- Exercise
The reply should hold every line of the data below, unchanged, and none of the pictures.

- Dataset excerpt

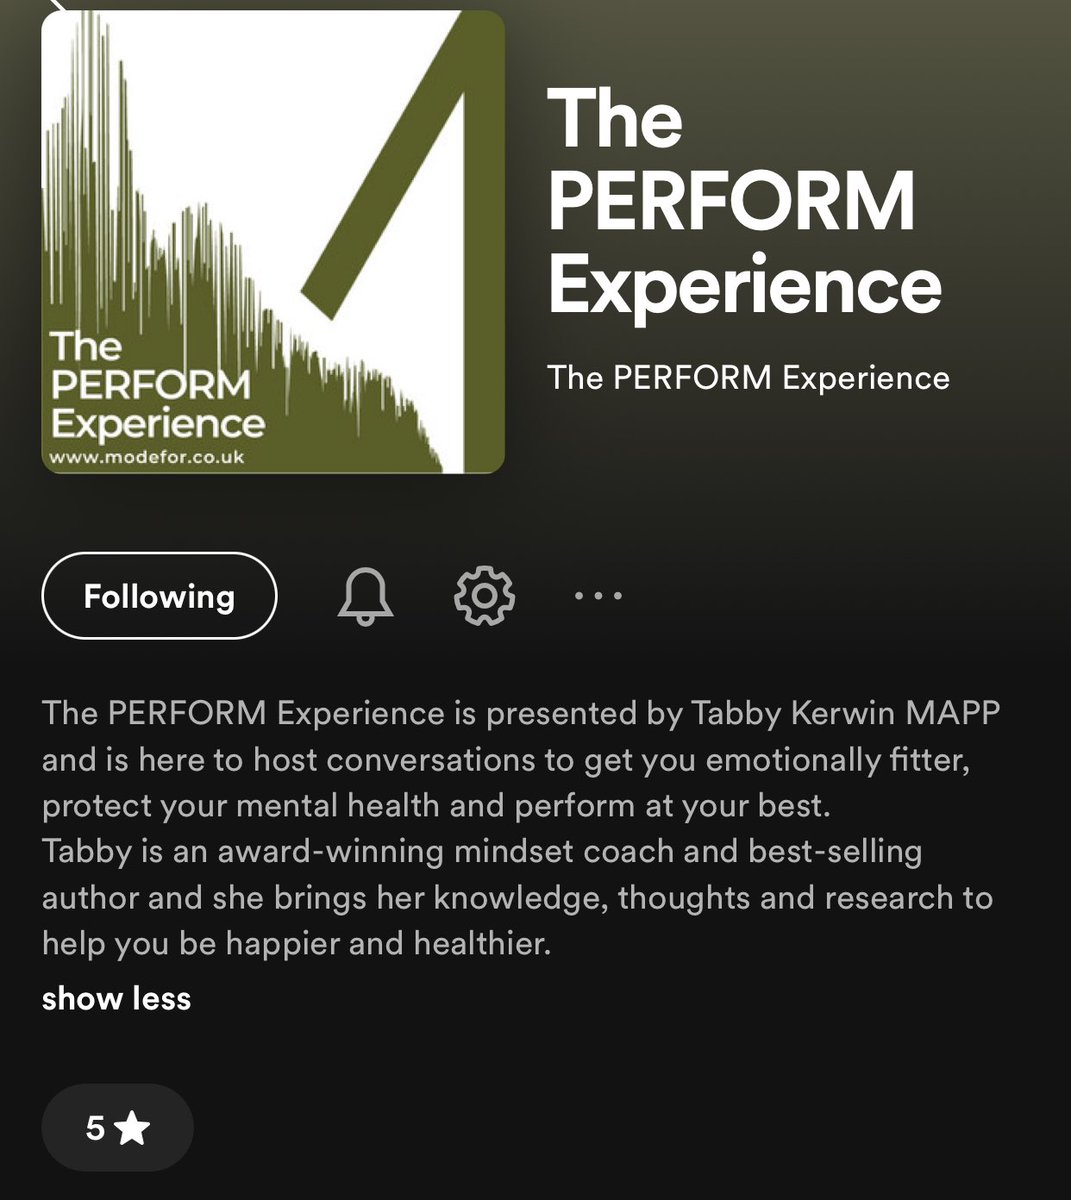 Have you caught the new podcast yet?

It’s got some 5⭐️ ratings already. 

#theperformexperience #perform #mentalhealth #emotionalfitness #peakperformance #podcast #havealisten

- Exercise solution
 Have you caught the new podcast yet?

It’s got some 5⭐️ ratings already. 

#theperformexperience #perform #mentalhealth #emotionalfitness #peakperformance #podcast #havealisten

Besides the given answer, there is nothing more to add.